Because current circumstances continue to impede attendance at Mass and reception of Holy Communion, I invite you now to ask God that by spiritual communion you might receive the graces of sacramental communion. Offer this Mass and your hunger for the Eucharist for the safety of your loved ones, yourselves and of all the world.

INTRODUCTION TO MASS FOR PENTECOST, Year A

Livestreamed from St. Mary’s Cathedral Basilica, Sydney

Welcome to the Solemn Mass of Pentecost, livestreamed from St Mary’s Basilica in Sydney.

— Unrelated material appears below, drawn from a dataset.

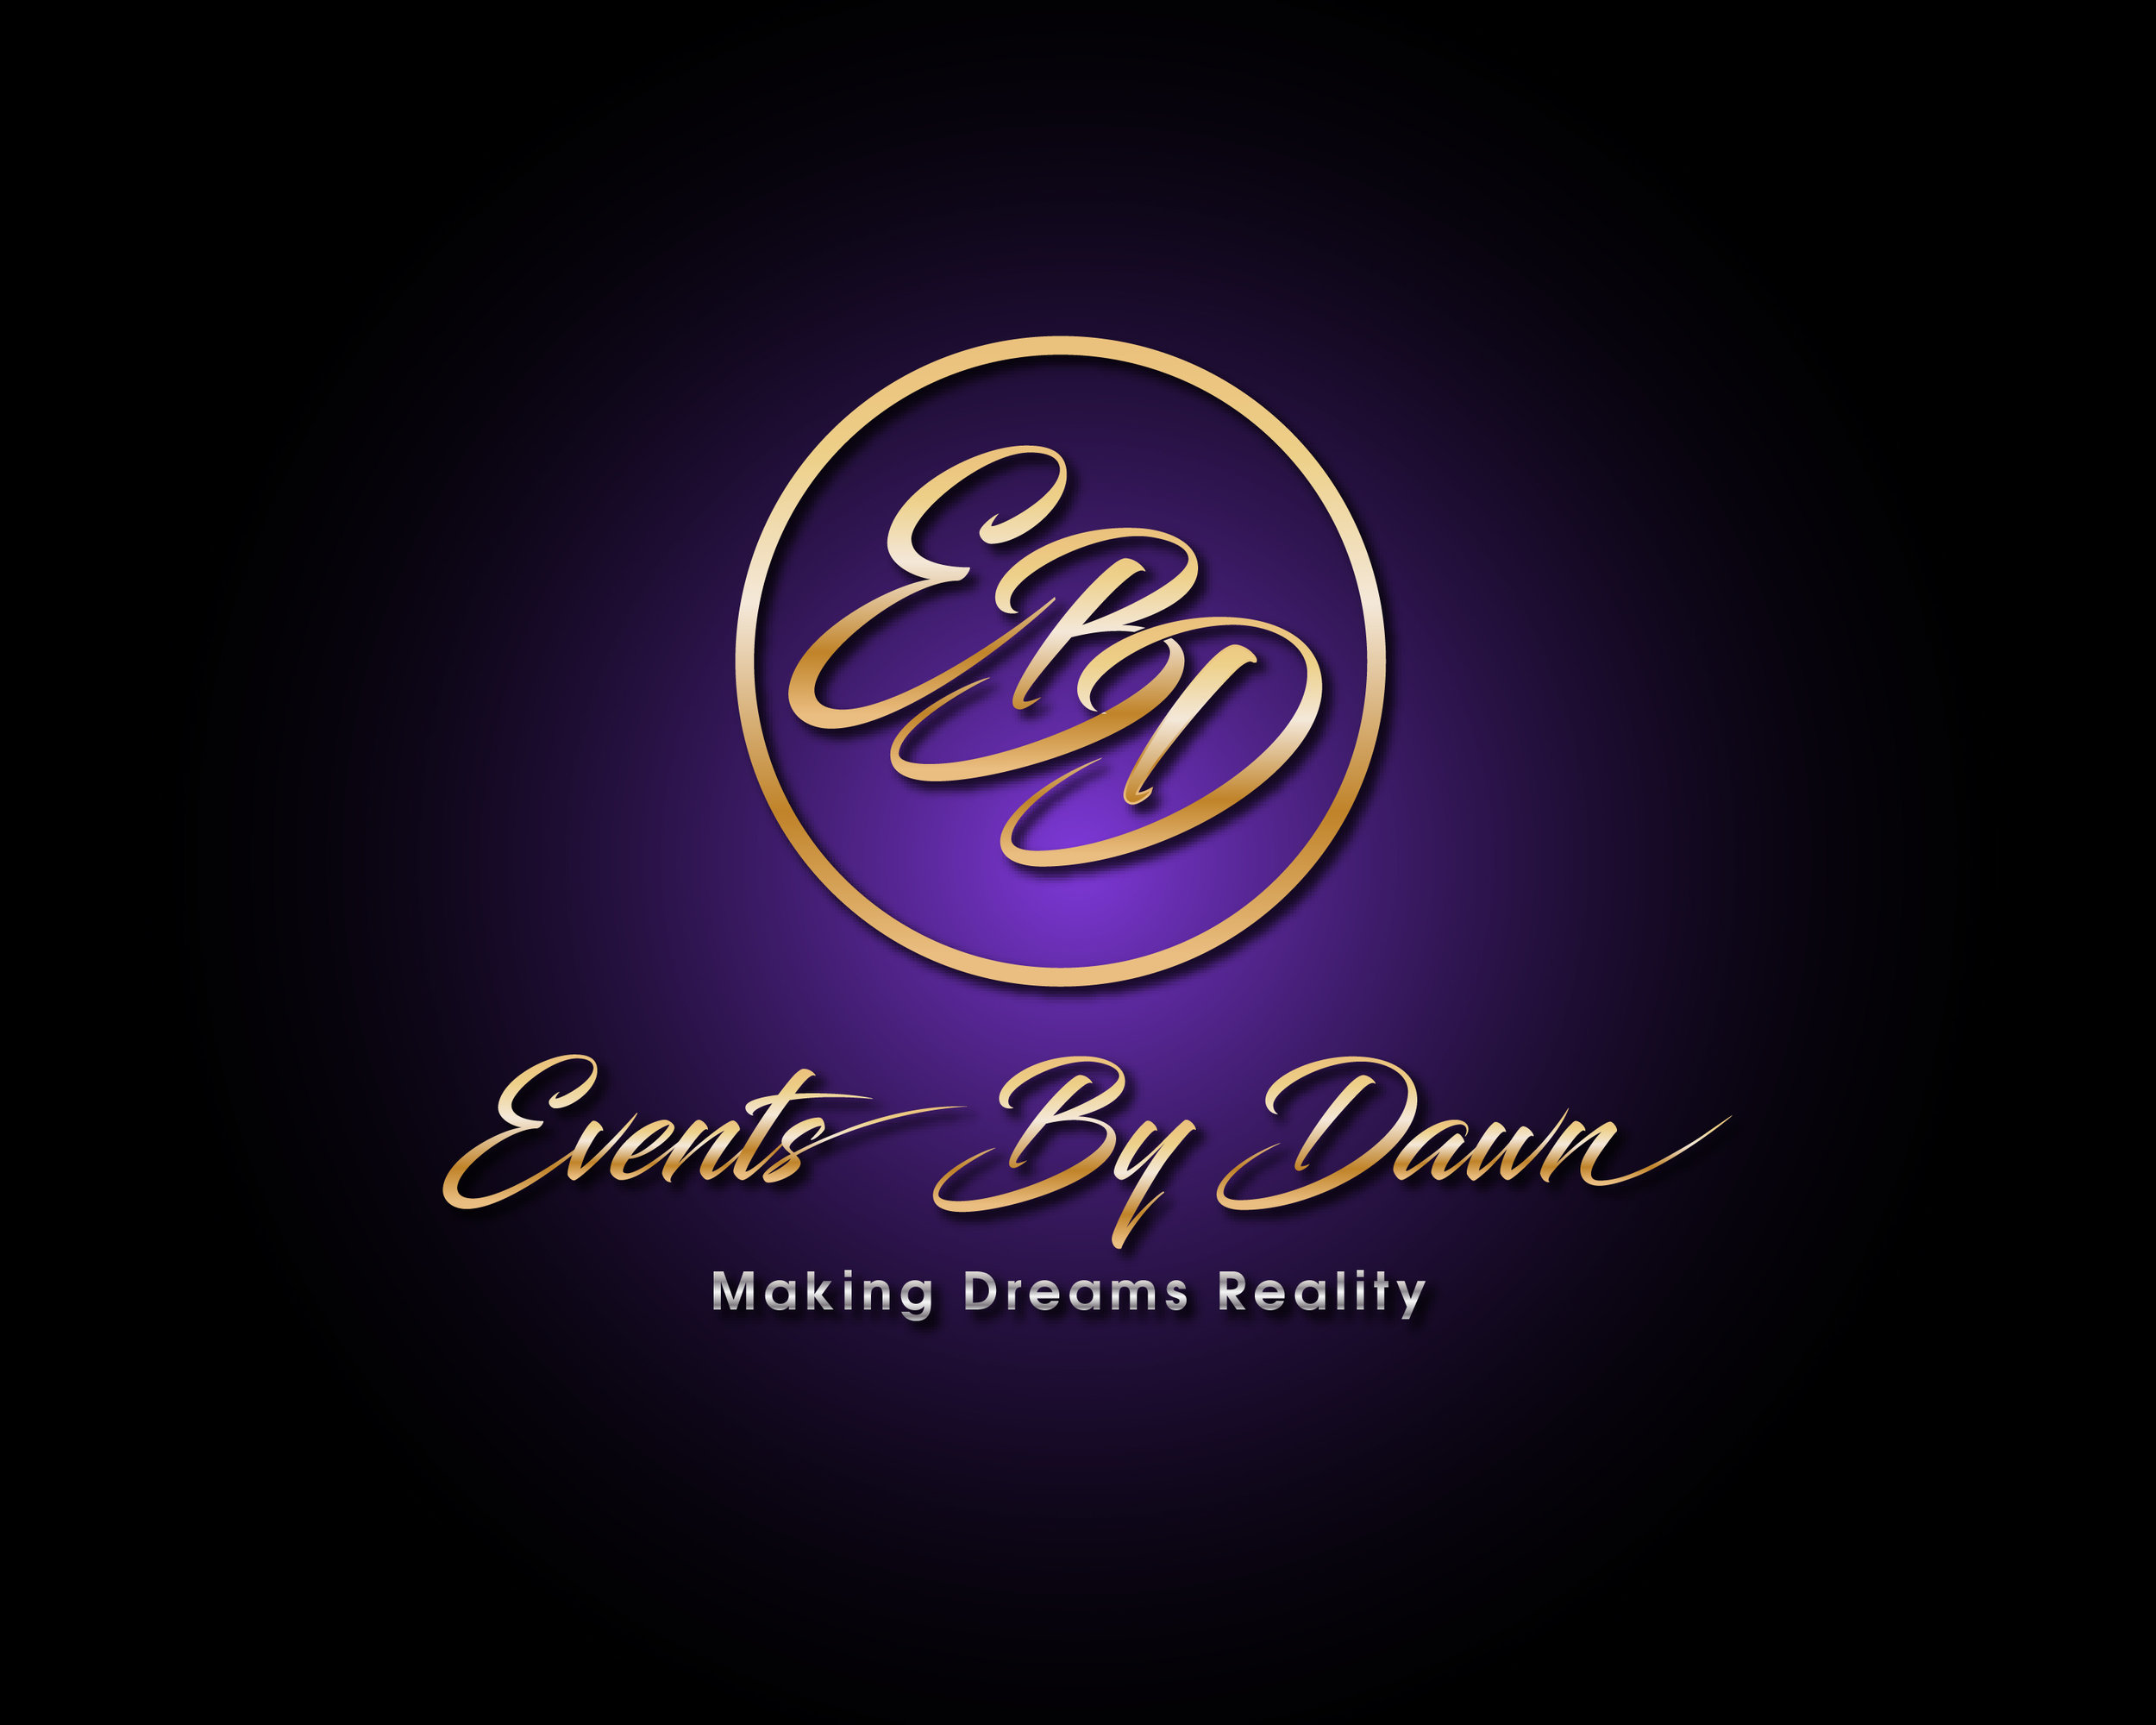 Events By Dawn...Making Dreams Reality.
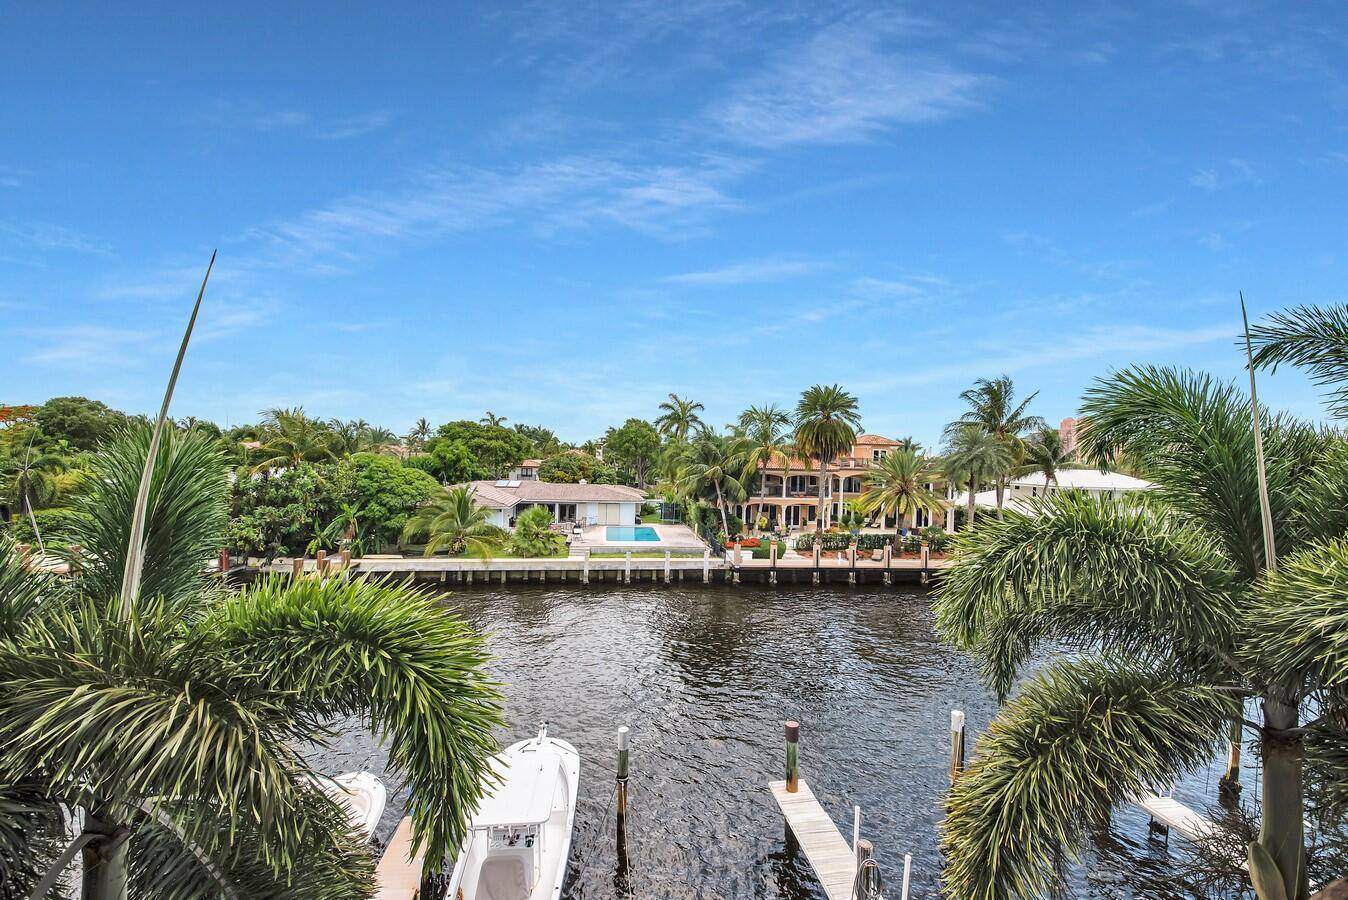 Create your own boaters paradise with this rarely available, stunning 2 bedroom, 2 bath intracoastal condo with a private boat dock.

As the COVID-19 pandemic recedes and public health restrictions are relaxed, we remain grateful and determined for this gradual improvement to continue. I exhort you to download the CovidSafe app, observe public health advice and Church directives for safe worship. We can also avail ourselves of online spiritual resources, counselling and practical assistance. Above all, we should pray that God keep us safe and that we will carry each other through. My thanks to all who joined the campaign to reopen our churches on the same terms as other venues. That has been achieved in NSW but not yet nationally, and so you can still sign on to that campaign at:

openourchurches.com.au

Today we celebrate the culmination of Christ’s Easter gift of salvation and the birthday of the Church. By ancient tradition those catechumens not baptized at the Easter Vigil but ready for baptism were baptized on the last of the fifty days of Eastertide, at Pentecost. Due to the COVIDSafe shutdown, all the catechumens around Australia have had an extra-long wait to receive the great graces of Holy Baptism, Confirmation and Holy Communion. It is with great joy, therefore, that I welcome today our first tranche of candidates for Baptism here at St Mary’s Cathedral: Finsen soon ‘Anthony Benedict’ Alexander; Merry now ‘Mary Rose’ Cen; Eve ‘Amandus Teresa’ Smith; and Sida ‘Raphael Joseph’ Zhao. Bonny Chen is also being received into the Church. I acknowledge also our candidates’ godparents here today and all those who influenced or prepared them including Fr Gerald and all the RCIA team here at the cathedral, and their loved ones watching from home.

To everyone else joining us via livestream, it is great to have you with us.